Skip to content

Latest commit

 

History

History

bidaf

Learning Intrinsic Sparse Structures in BiDAF

Use python -m basic.cli --help for usage.

Requirements

General

  • Python (developed on 3.5.2. Issues have been reported with Python 2!)
  • unzip

Python Packages

  • tensorflow (deep learning library, verified on 1.1.0)
  • nltk (NLP tools, verified on 3.2.1)
  • tqdm (progress bar, verified on 4.7.4)
  • jinja2 (for visaulization; if you only train and test, not needed)

Pre-processing

First, prepare data. Donwload SQuAD data and GloVe and nltk corpus (~850 MB, this will download files to $HOME/data):

chmod +x download.sh; ./download.sh

Second, Preprocess Stanford QA dataset (along with GloVe vectors) and save them in $PWD/data/squad (~5 minutes):

python -m squad.prepro

Training BiDAF baseline

Note that the training script saves results in a subfolder of out named as ${TIMESTAMP} (e.g. out/2017-07-10___21-37-44/). Before running, please:

mkdir out

The model requires at least 12GB of GPU RAM. If your GPU RAM is smaller than 12GB, you can either decrease batch size (performance might degrade), or you can use multi GPU (see below). The training converges at ~10k steps, and it took ~10 hours in Titan X.

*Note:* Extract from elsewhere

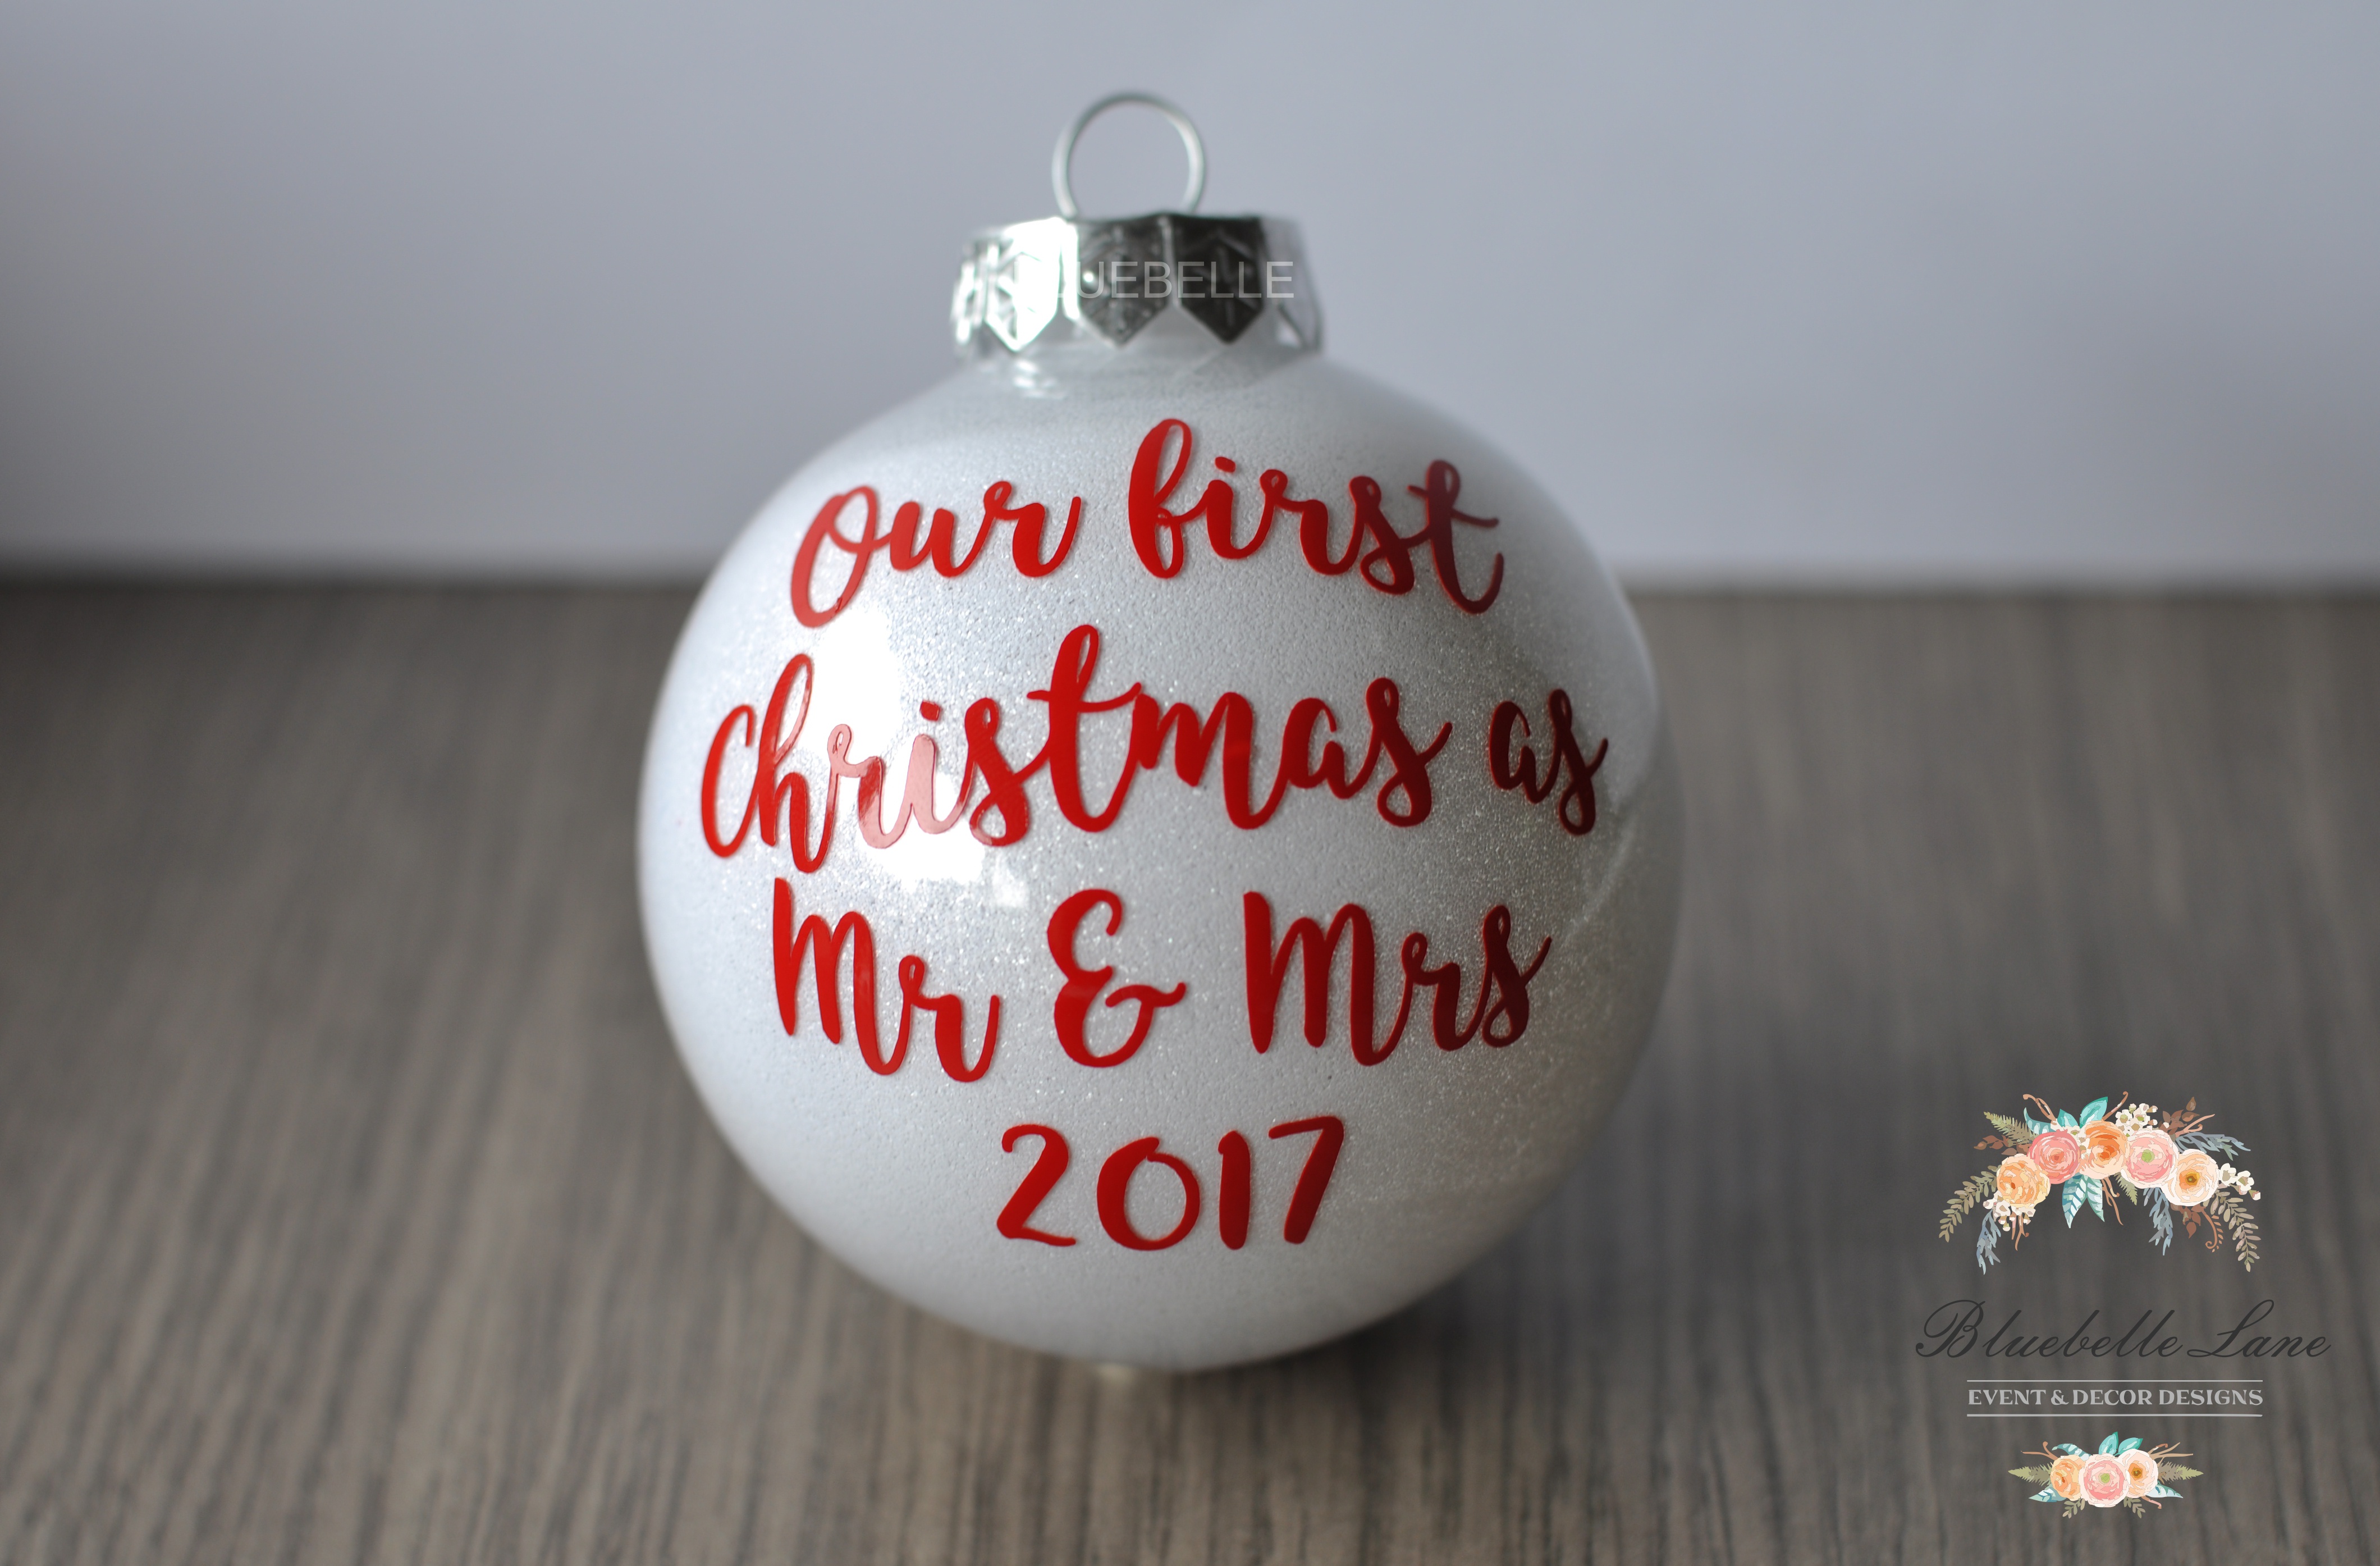 We're Engaged' 'We're Married' Celebratory Christmas Bauble ...

Before training, it is recommended to first try the following code to verify everything is okay and memory is sufficient:

python -m basic.cli --mode train --noload --debug

Then to fully train baseline without sparsity learning, run:

python -m basic.cli --mode train --noload

You can speed up the training process with optimization flags:

python -m basic.cli --mode train --noload --len_opt --cluster

You can still omit them, but training will be much slower.

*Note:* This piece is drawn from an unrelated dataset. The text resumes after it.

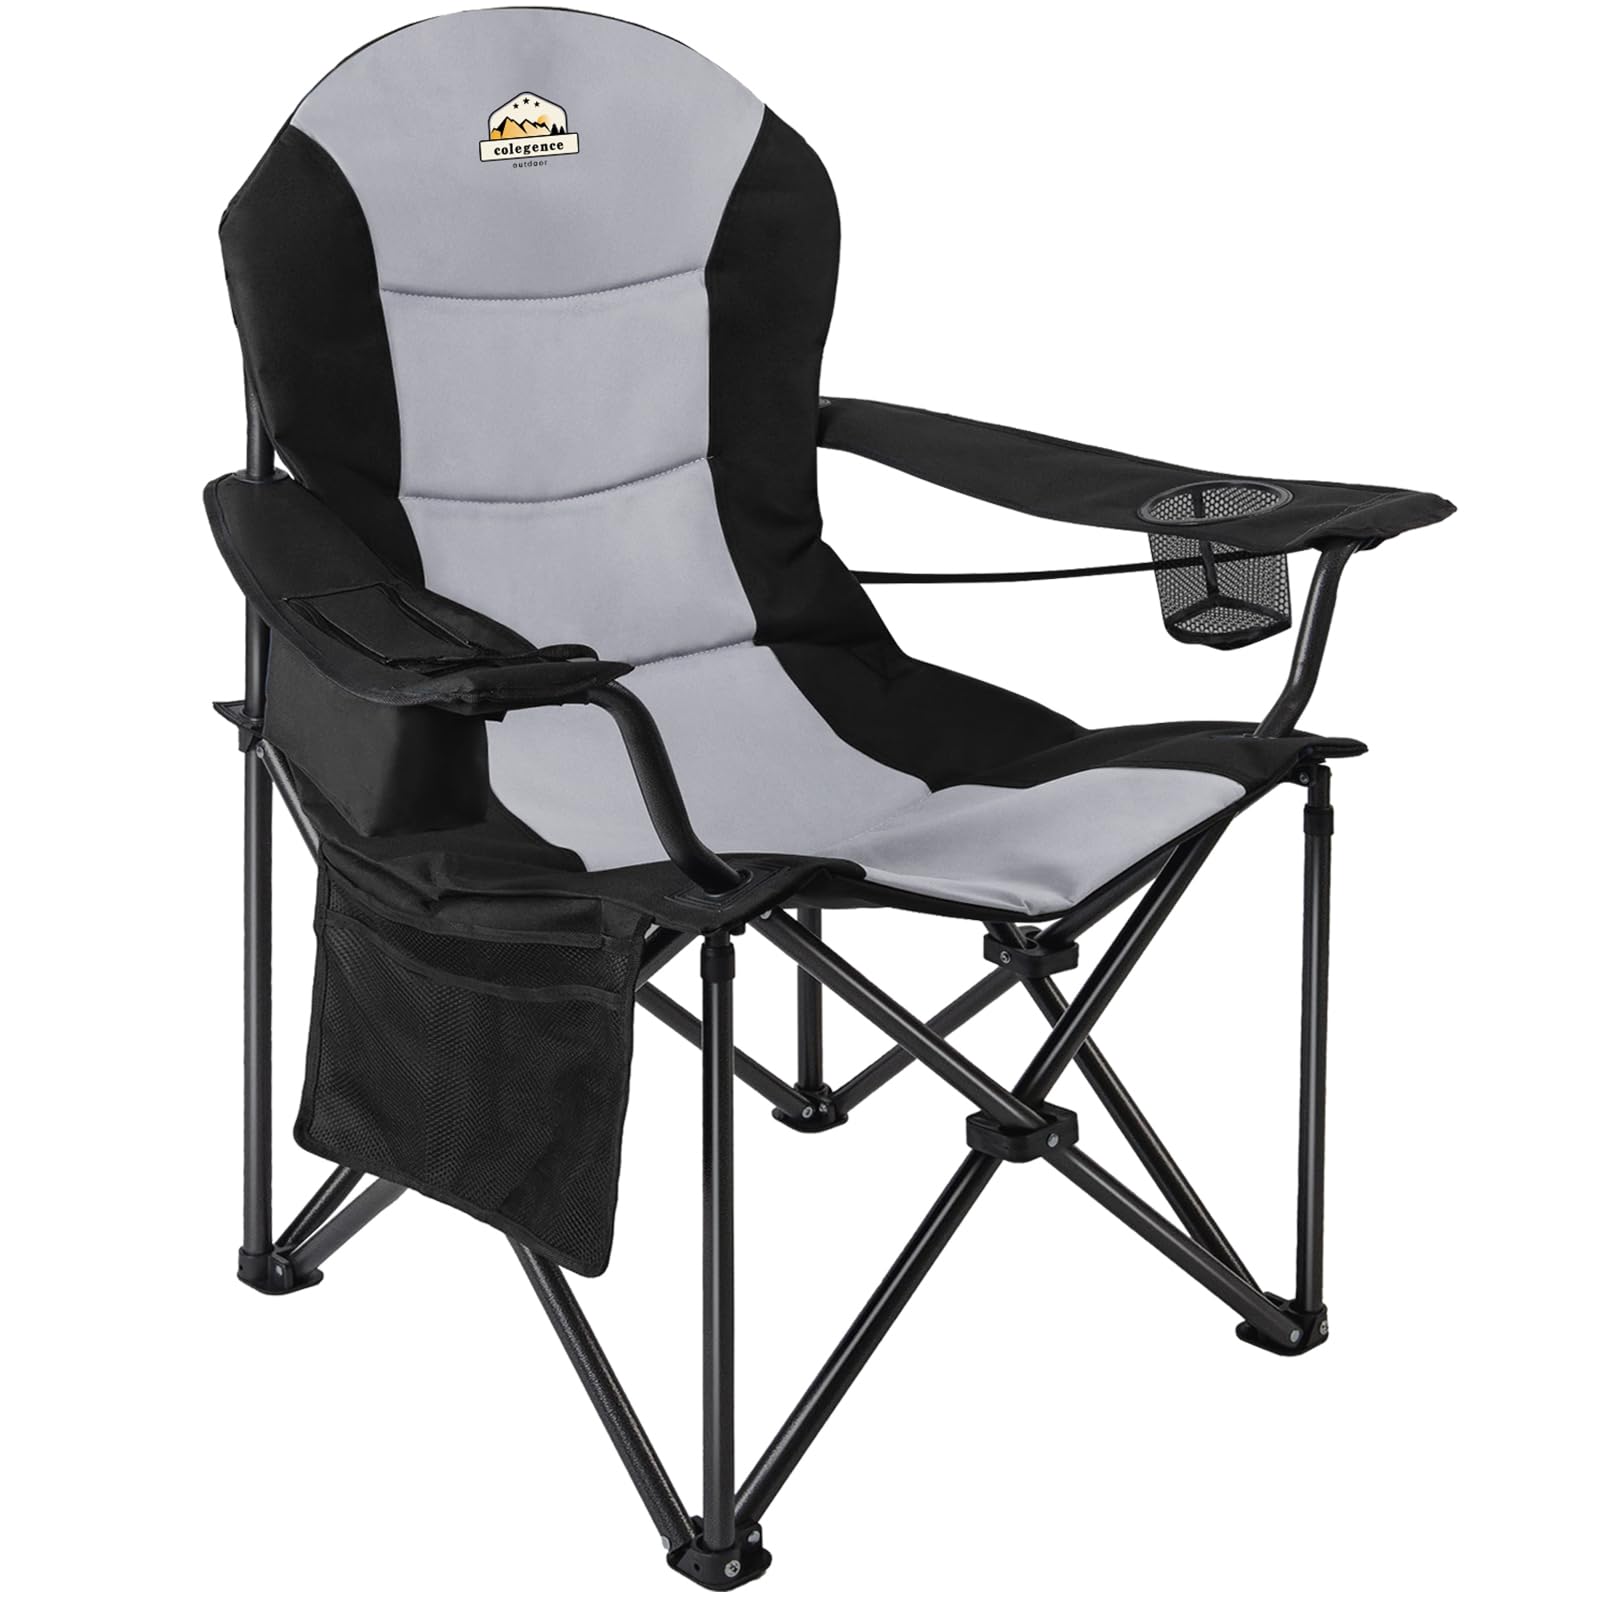 Colegence Oversized Camping Chair

Our model supports multi-GPU training. We follow the parallelization paradigm described in TensorFlow Tutorial. In short, if you want to use batch size of 60 (default) but if you have 2 GPUs with 6GB of RAM, then you initialize each GPU with batch size of 30, and combine the gradients on CPU. This can be easily done by running:

python -m basic.cli --mode train --noload --num_gpus 2 --batch_size 30

Test

To test, run:

# run test by specifying the shared json and trained model
export TIMESTAMP=2017-07-10___21-37-44
python -m basic.cli --len_opt --cluster \
--shared_path out/${TIMESTAMP}/basic/00/shared.json \
--load_path out/${TIMESTAMP}/basic/00/save/basic-10000 # the model saved at step 10000

# Test by multi-gpus
python -m basic.cli --len_opt --cluster \
--num_gpus 2 --batch_size 30 \
--zero_threshold 0.02 \ # zero out small weights whose absolute values are <0.02
--shared_path out/${TIMESTAMP}/basic/00/shared.json \
--load_path out/${TIMESTAMP}/basic/00/save/basic-10000 # the model saved at step 10000

We can also input --group_config groups_hidden100.json to plot the sizes of ISS and ISS sparsity. An example:

structure sparsity:
16/100 
10/100 
62/100 
54/100 
66/100 
79/100 
group sizes:
[4800, 4800, 3201, 3201, 6401, 6401]

This command loads the saved model during training and begins testing on the test data. After the process ends, it prints F1 and EM scores, and also outputs a json file ($PWD/out/basic/00/answer/test-000000.json). Note that the printed scores are not official (our scoring scheme is a bit harsher). To obtain the official number, use the official evaluator (copied in squad folder) and the output json file:

python squad/evaluate-v1.1.py \
$HOME/data/squad/dev-v1.1.json out/basic/00/answer/test-000000.json

Learning sparse LSTMs

Learning ISS (hidden states) in LSTMs

python -m basic.cli --mode train --len_opt --cluster \
--num_gpus 2 --batch_size 30 \
--input_keep_prob 0.9 \
--load_path out/${TIMESTAMP}/basic/00/save \ # fine-tune baseline, use [--noload] if train from scratch
--structure_wd 0.001 \ # the hyperparameter to make trade-off between sparsity and EM/F1 performance
--group_config groups_hidden100.json # the json to specify ISS structures for LSTMs

Misc

Learning sparse LSTMs by L1-norm regularization

# finetuning with L1
python -m basic.cli --mode train --len_opt --cluster \
--num_gpus 2 --batch_size 30 \
--input_keep_prob 0.9 \
--load_path ${HOME}/trained_models/squad/bidaf_adam_baseline/basic-10000 \
--l1wd 0.0002

Learning to remove columns and rows in the weight matrices of LSTMs by group Lasso regularization

python -m basic.cli --mode train --len_opt --cluster \
--num_gpus 2 --batch_size 30 \
--input_keep_prob 0.9 \
--load_path ${HOME}/trained_models/squad/bidaf_adam_baseline/basic-10000 \
--l1wd 0.0001 \
--row_col_wd 0.0004